Plaintiffs Vartkes Barsam, George Chamchikian, Elkay Investments, Cornell J. Lazar, Burton Saltzman, Soonja Sue Enterprises, John J. Parven, John N. Parven, Rita Parven, and Parkra Investments, Inc. (collectively “plaintiffs”) sue defendants Pure Tech International, Inc., Yitz Grossman, and Werner Haase under RICO and state law. Plaintiffs allege breach of contract, fraudulent inducement of contract, breach of fiduciary duty, improper termination of preemptive rights and related claims arising out of various alleged wrongdoings. Plaintiffs ask also that defendant American Stock Transfer & Trust Company, the escrow agent for defendant Pure Tech, be directed to release escrowed shares to plaintiffs.

Defendants have submitted a motion to dismiss claims five through seven, nine, ten, and twelve for failure to state a claim upon which relief may be granted, pursuant to Fed.R.Civ.P. 12(b)(6), and for failure to plead fraud with particularity, pursuant to Fed. R.Civ.P. 9(b). For the reasons set forth below, defendants’ motion is denied with respect to claims five through seven, ten, and twelve, but granted with respect to claim nine. Plaintiffs George Chamchikian and Elkay Investments have moved, pursuant to Fed.R.Civ.P. 56(c), for summary judgment on claim eleven, seeking restoration of their preemptive rights. For the reasons set forth below,, plaintiffs’ motion is granted.

I.

Plaintiffs, who were holders of 10.7% of the outstanding shares of Pure Tech, assert in their complaint various fraud claims against the defendants. Plaintiffs are all investors in Pure Tech, a company that, among other things, recycles plastic bottles and other used plastic receptacles, as well as glass and metals. (Complt. ¶ 13) All of plaintiffs’ allegations stem from Pure Tech’s March 1989 public offering, underwritten by D.H. Blair & Co. (“Blair”). The complaint alleges that in August and September 1988, defendants Grossman and Haase told plaintiffs that Blair required 75% of their shares to be deposited with an escrow agent on the date of the public offering. (Complt. ¶25) One of the alleged purposes of the public offering was to raise money for the construction of a new plastics recycling plant. (Complt. ¶¶ 22-23) The Prospectus proclaimed that the “majority of the Company’s resources will be devoted to the development and construction of the commercial plant.” (RICO Case Statement, Exh. 2 at 13)

*1444 In alleged reliance on the assurances of Grossman and Haase that the escrow arrangements were mere formalities dictated by Blair, plaintiffs (other than Parkra) agreed to escrow their shares. (Complt. ¶ 28) Also in the Fall of 1988, plaintiff Parkra allegedly agreed to accept a $50,000 promissory note from Pure Tech in lieu of 200,000 shares of Pure Tech common stock. (Complt. ¶ 29) Plaintiffs claim that in March 1989, defendant Grossman informed them that Blair required 81% of their shares to be escrowed. (Complt. ¶ 30) Plaintiffs once again agreed, in alleged reliance on Gross-man’s assurance that the shares would be released quickly from escrow. (Id.)

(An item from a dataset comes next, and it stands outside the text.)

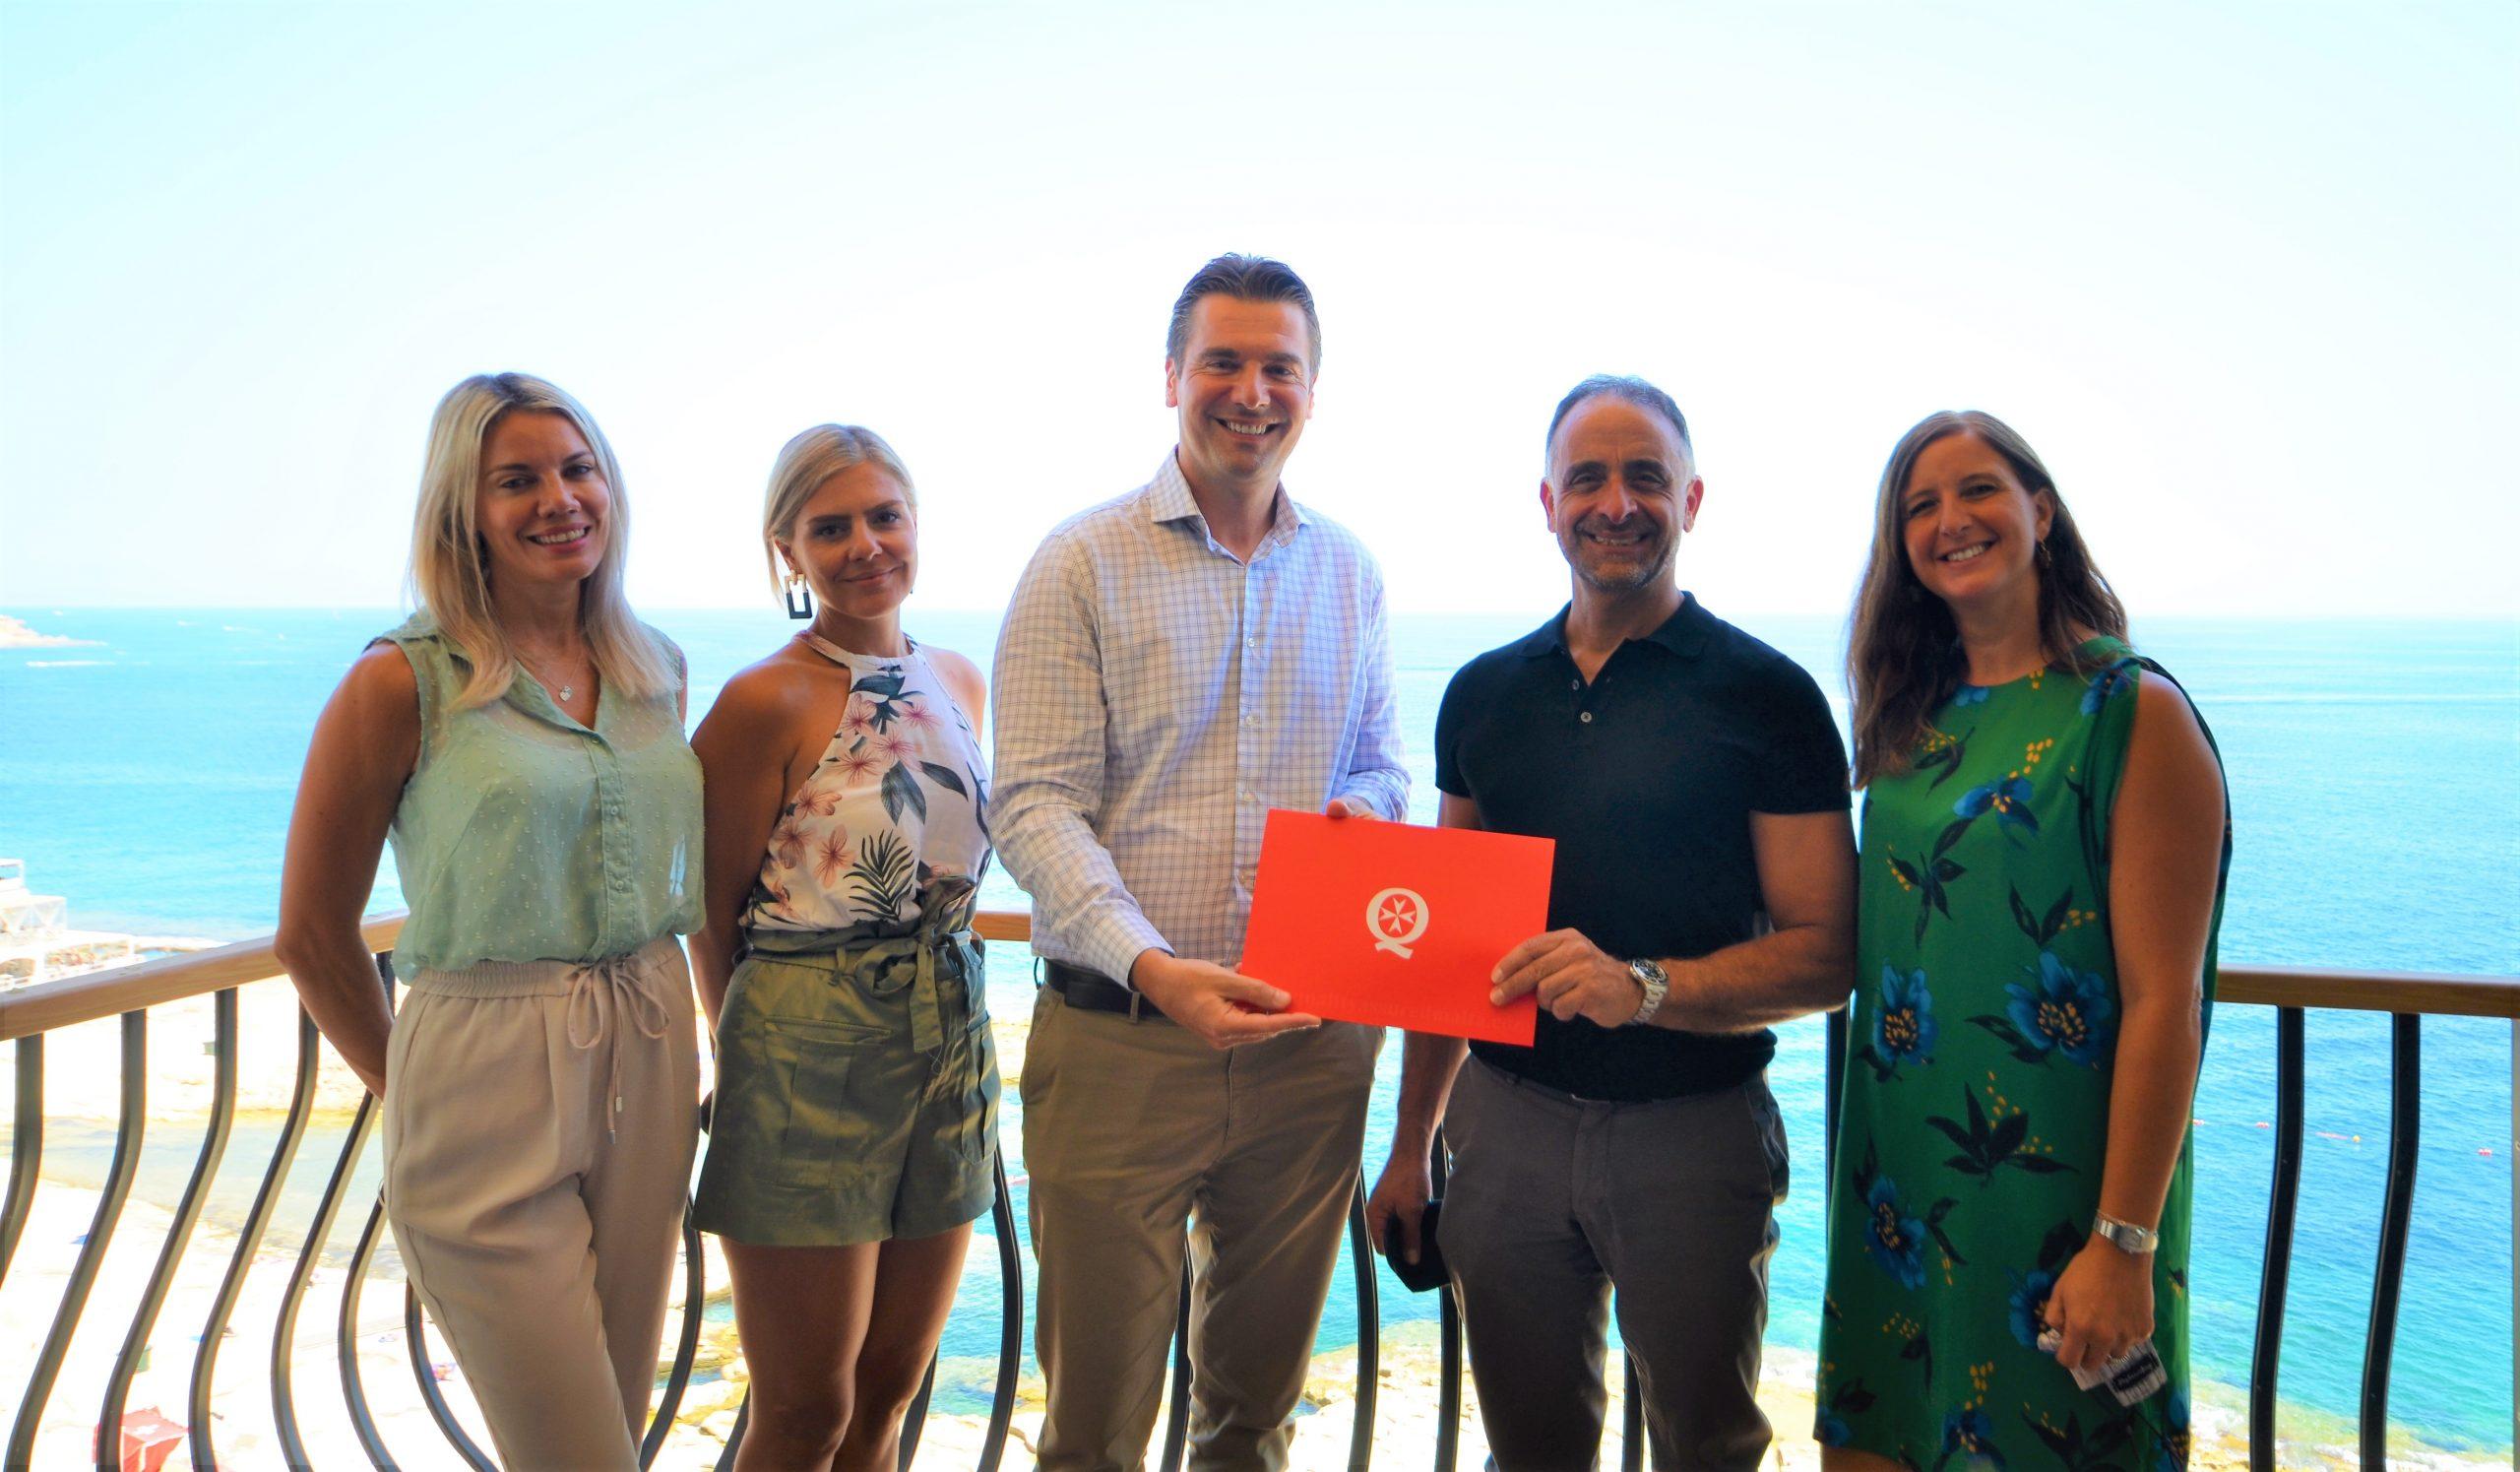 Colours of Malta receives the QA seal

The Complaint asserts further that on March 29, 1989, the day before the offering was to commence, defendant Haase, on behalf of Pure Tech, insisted that plaintiffs (other than Parkra) “waive” their preemptive rights. (Complt. ¶ 36) Plaintiffs (other than George Chamchikian and Elkay Investments) agreed to do this. On the eve of the public offering, Pure Tech amended its Certificate of Incorporation to eliminate shareholders’ preemptive rights. Plaintiffs allege that the amendment was “invalid, unlawful, and ultra vires.” (Complt. ¶ 38)

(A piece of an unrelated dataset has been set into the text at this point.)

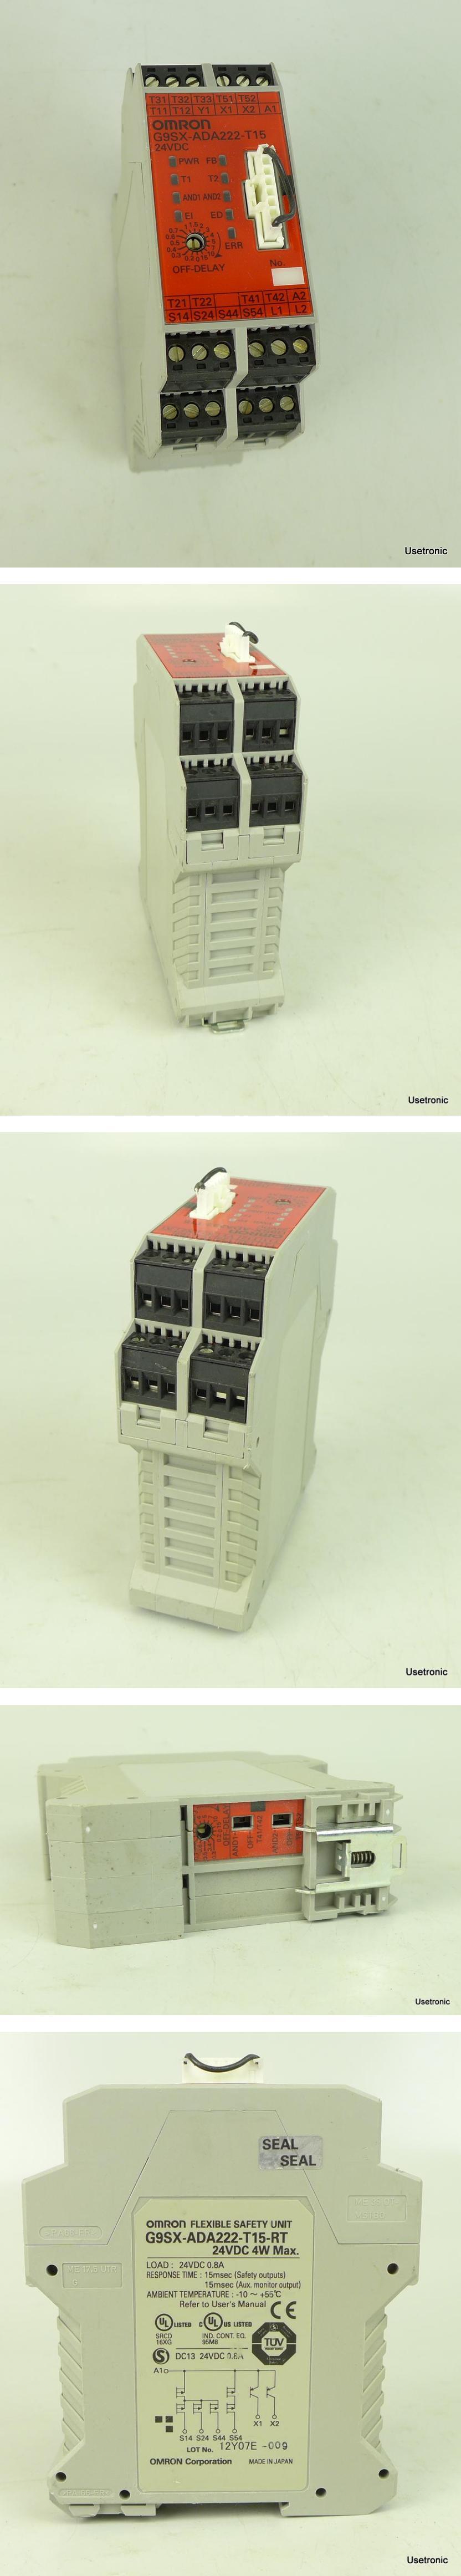 Omron G9SX-ADA222-T15

On March 30, 1989, the offering was complete, and plaintiffs simultaneously escrowed their shares. The Escrow Agreement provided for the release of the shares upon the occurrence of certain events:

(i) 600,000 shares will be released to the stockholders if during the 18 months after the date of this Prospectus, the closing bid price of the Common Stock, as hereinafter defined, for 10 consecutive trading days is in excess of $1.25 per share.
(ii) 2,800,000 shares will be released to the Stockholders if and when the Company achieves Minimum Pre-tax Income, as hereinafter defined, of either $4,000,000 during the year ending December 31,1991, or $5,000,000 during the year ending December 31, 1992.
(iii) 5,850,000 shares (less any shares released under (i)) will be released to the Stockholders if and when (A) the Company achieves Minimum Pre-tax Income of either $3,500,000, $5,000,000 or $6,000,000 during the years ending December 31, 1991, 1992 or 1993, respectively, or (B) during the 18 months after the date of this Prospectus the closing bid price of the Common Stock, as hereinafter defined, for 20 consecutive trading days is in excess of $2.50 per share.
(iv) all shares held in escrow will be released to the Stockholders if and when (A) the Company achieves Minimum Pre-tax Income of $6,000,000, $8,000,000 or $9,500,-000, during the years ending December 31, 1991, 1992, or 1993, respectively or (B) during the 36 months after the date of this Prospectus, the closing bid price of the Common Stock shall average in excess of $3.50 per share for 20 consecutive trading days.
If shares are released under (ii), no more than 3,050,000 shares will be released under (iii) ...
If none of the foregoing earnings or market price levels are attained, the Escrow Shares will be contributed to the capital of the Company on the later of 39 months after the date of this Prospectus or May 31, 1994.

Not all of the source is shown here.